LT. KENNETH DUKE, JR. gazes at the air strip at Calender Field in New Orleans where he used to fly F-15s for the Louisiana Air National Guard. Duke was severely injured in 1993 when he hit his head on the cockpit canopy as he ejected from an F-15. He's still unable to speak or move his limbs properly.


With these changes came an increase in maintenance-related incidents.

On June 12, 1993, just 12 minutes after takeoff, Lt. Kenneth Duke, Jr., was flying a National Guard F-15A fighter not far from the New Orleans skyline when he realized he was losing control of the airplane.

As Duke struggled with the controls, the plane went into a nose dive at 310 miles an hour, rolling left and right as it fell from the sky.

At 8,500 feet, while the plane flew out of control, Duke hit his head on the cockpit canopy as he ejected, causing a severe head injury that has left him unable to speak properly or fully control the movement of his arms and legs.

"There are some things worse than death," said Duke's father, the Rev.

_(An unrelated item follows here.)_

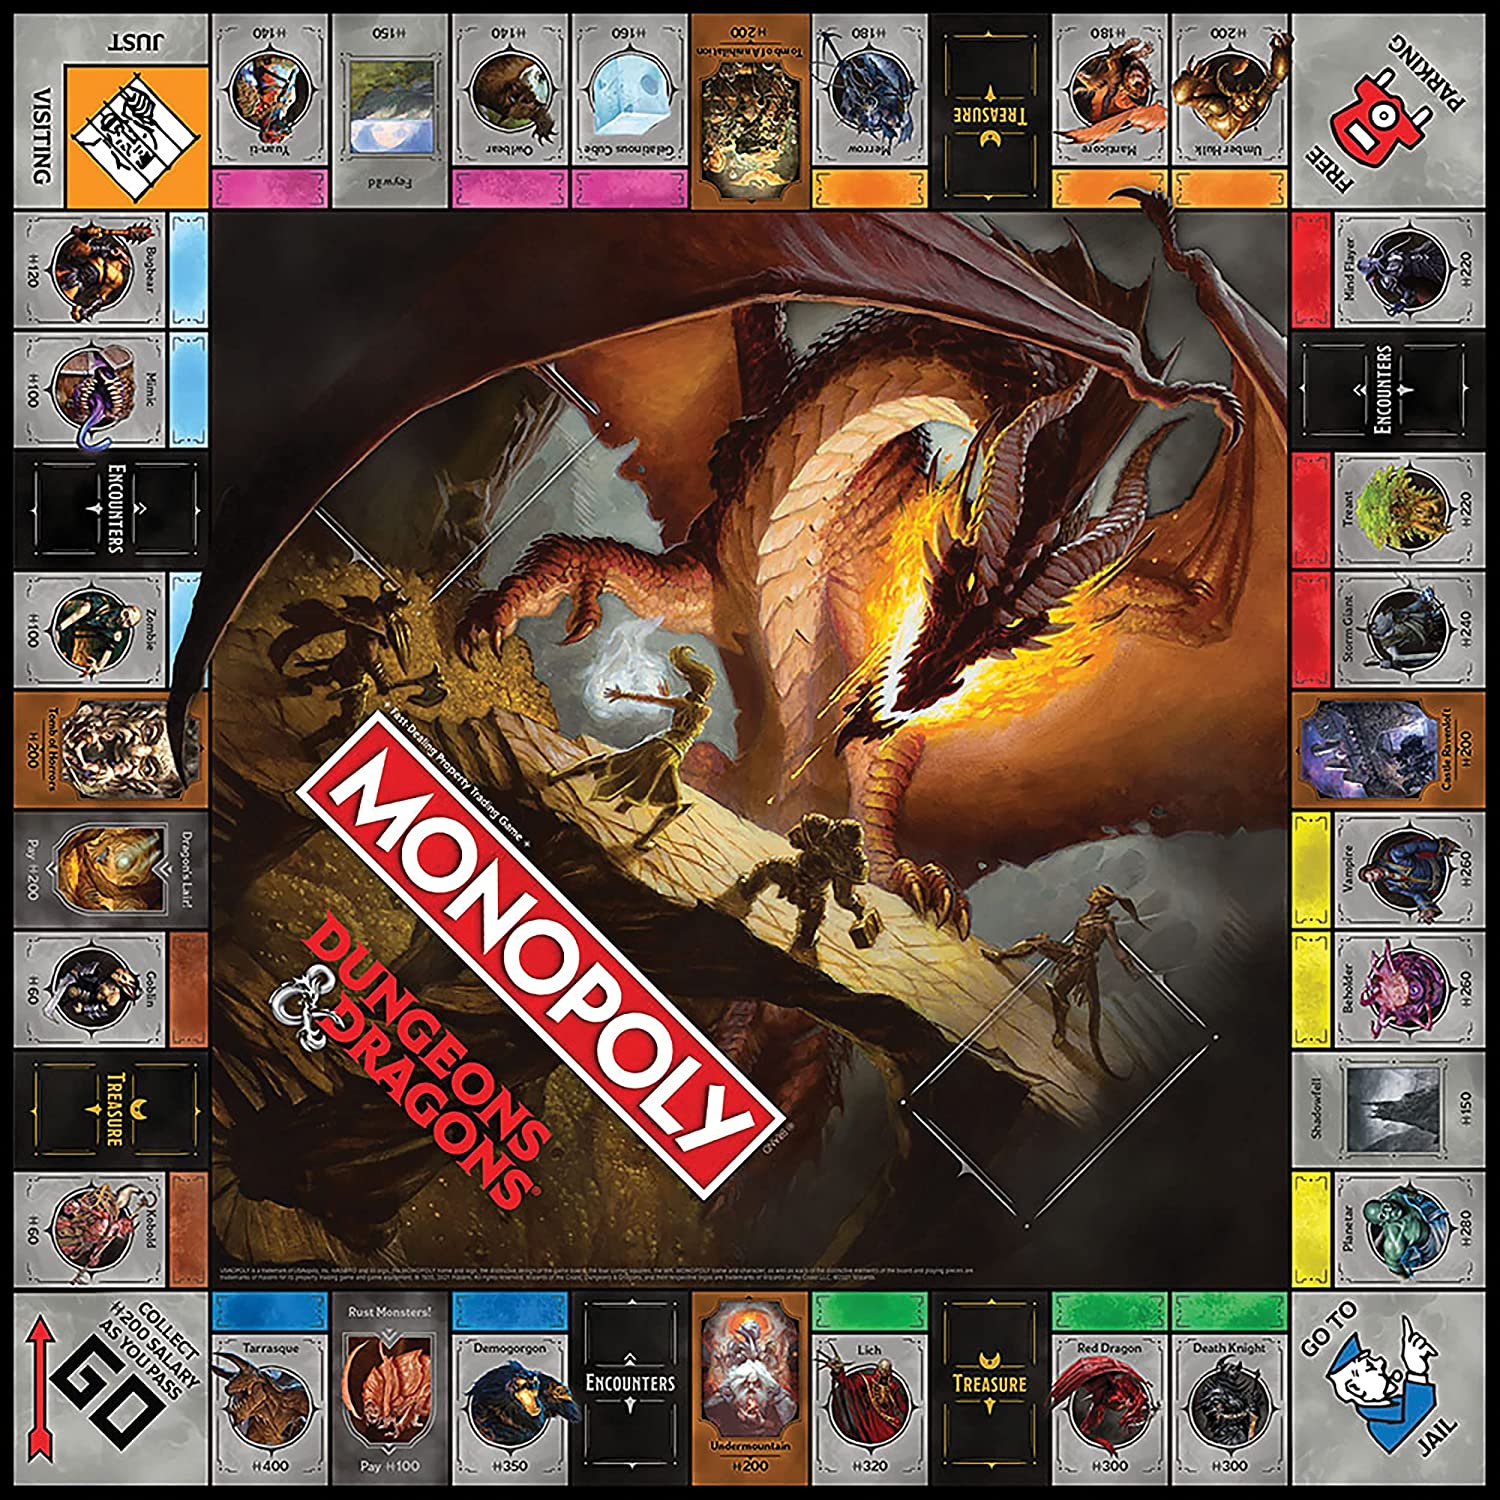 The Lair Dungeons & Dragons Monopoly Board Game

Kenneth Duke, pastor of a New Orleans-area church. "He has been robbed of everything.

"You see we love him so much. It's not fair for him to suffer that much."

Months before the accident, investigators found, someone forgot to install a small metal cotter pin that helps secure one of the jets's most critical flight controls. Without the pin, a device allowing the pilot to control the movement of the horizontal tail surface disconnected, leaving Duke helpless to guide the plane.

"How could it possibly be inspected and not noticed?" a mechanic was asked during the Guard's crash investigation. "Do you suppose that that would suggest that somebody just wrote their name down and said they inspected it and hadn't actually looked at it?"

The mechanic responded, "Yes, sir."

One of the mechanics who worked on those flight controls, the investigation found, "received no flight control system training other than being qualified to lubricate components."

Other mechanics, the report found, "had not even been entered into a training status for such basic aircraft maintenance functions as the operation of aerospace ground equipment."

Maj. Gen. Francis C. Gideon, Jr., commander of the Air Force Safety Center, reviewed records from the New Orleans crash at the request of the Dayton Daily News.

"The statements (in the report) are accurate," he said. "I have no comment."